Illustration by Paul Rogers

Her first outing after having risen from her convalescent cot was to attend her mother’s funeral. Still muzzy and unsteady on her feet, bundled in a beaver shawl that covered her desolate head, Jocheved was astonished at how many mourners were gathered at the gravesite. This was especially surprising given that Basha Puah’s burial followed so hard upon the heels of her husband’s, to say nothing of her reputation as an incurable shrew. But in death both Salo, the working stiff, and his joyless widow were transformed respectively into hero and helpmate, the wife so devoted she was unable to endure the cruel demise of her spouse. It was a story worthy of the improbable tales that Salo had told his young daughter long ago in the arctic environment of the icehouse. The morning of the funeral had dawned blustery and overcast, the ground still hard in the cemetery behind the textile factory walls, but here and there a crocus had broken through the crust of the earth. Having been so long away from the natural world, Jocheved almost resented how it persisted without her, squeezing the clod of dirt she was meant to drop into her mother’s grave until it crumbled in her palm and was scattered by the wind. After the ceremony the mourners, some of whom were strapping teamsters and bare-boned yeshivah scholars, escorted the girl back to Zabludeve Street. They were solicitous of her frailty, protective of her personal safety; and letting her guard down, Jocheved felt that, for the daughter of her parents, there would always be a place in the ghetto. Perhaps she might yet revive the halcyon satisfactions of her ice-making enterprise. But as the teamsters crowded about her with a brazen forwardness and the scholars kept their distance as if from a contagion, the girl remembered the shame that could never be erased, let alone the lingering danger. She was appalled by her selfishness, that her grief over her own corruption should have displaced, if only momentarily, the grief for her family, for whose deaths she was in large part responsible.
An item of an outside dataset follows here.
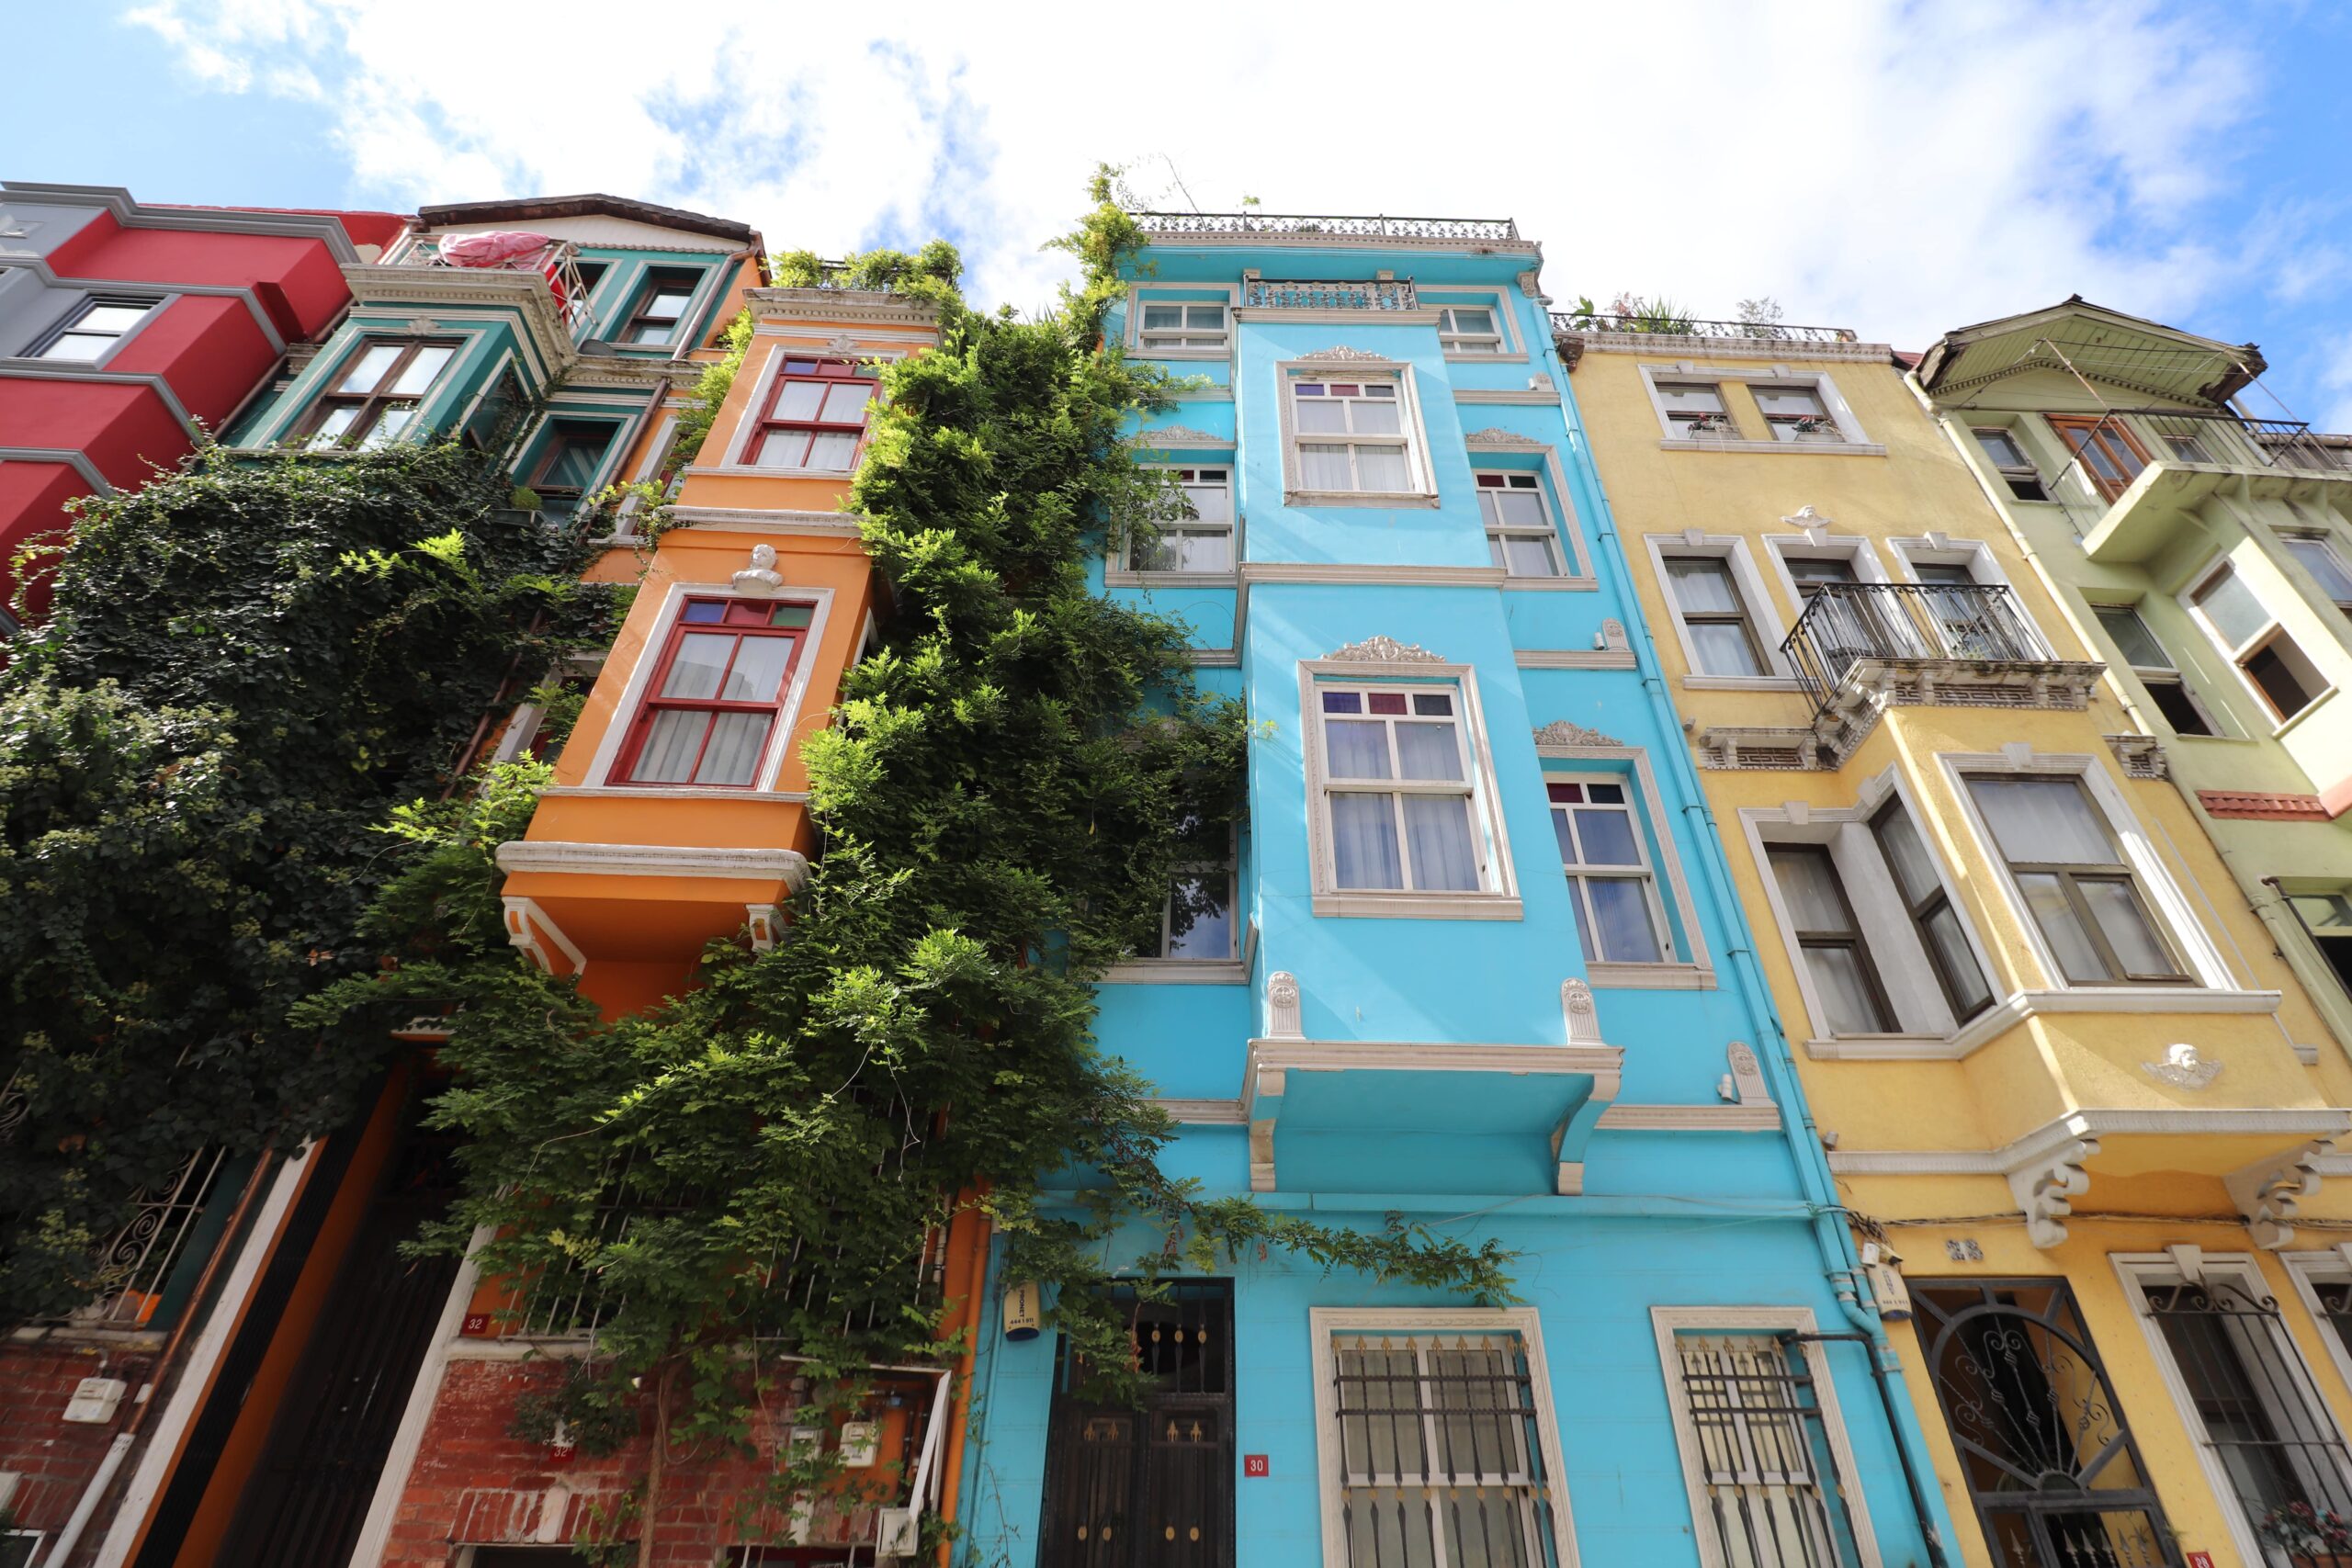 23 Unique Things to Do in Istanbul

In Jocheved’s absence old Shulamith had dusted and cleaned the cellar, having removed (no doubt as her due) some of the luxury items—the Tuscan bronze egg beater, the enameled douche pan—that the girl had lavished on her mother in more prosperous times. May they serve the old ganef well, thought Jocheved, noting that in exchange for what she’d taken the woman had also contributed, beyond her labors, some pot cheese and a bottle of schnapps for the guests. The stench of the cheese helped neutralize the stench of sickness and death that still pervaded those recessed rooms. After the chalk-faced men of the Chevra Kadisha had finished saying Kaddish, the guests departed and Jocheved was finally alone. Utterly spent, she slumped onto a wooden stool, laid her head on a noodle board, and slept a while, dreaming of a despondent child with wings too heavy to flap. When she awoke she heaved a ragged sigh, got slowly to her feet, and took down the large copper kneading trough that hung from a ceiling beam. Since the apartment’s single mirror was turned to the wall, she gazed at her distorted reflection in the trough’s tarnished surface and saw only a ghost gazing back at her. Having already ritually torn the pongee collar of her mourning dress, the only store-bought frock in her wardrobe, she tugged at the lapel until she’d ripped the bodice from her shoulders. Then with both hands she tore the cambric corset cover underneath, wrestling herself out of her ravaged garments until she stood naked and shivering on the cold flags of the cellar floor. Further compelled by the tattoo of her pounding heart, the girl located her mother’s teak sewing box, extracted from it a pair of tailor’s shears, and with only the ill-defined reflection in the copper pot to guide her hand, she clipped off her mane of crow-black hair. Thus shorn, she flung the pot and kicked at the fallen hair that encircled her, releasing a sob that collapsed her chest as would a wrecking ball. This was her sorry state when the door to the hallway scraped open and Shulamith, midwife, rootworker, and sometime enema lady, crept in.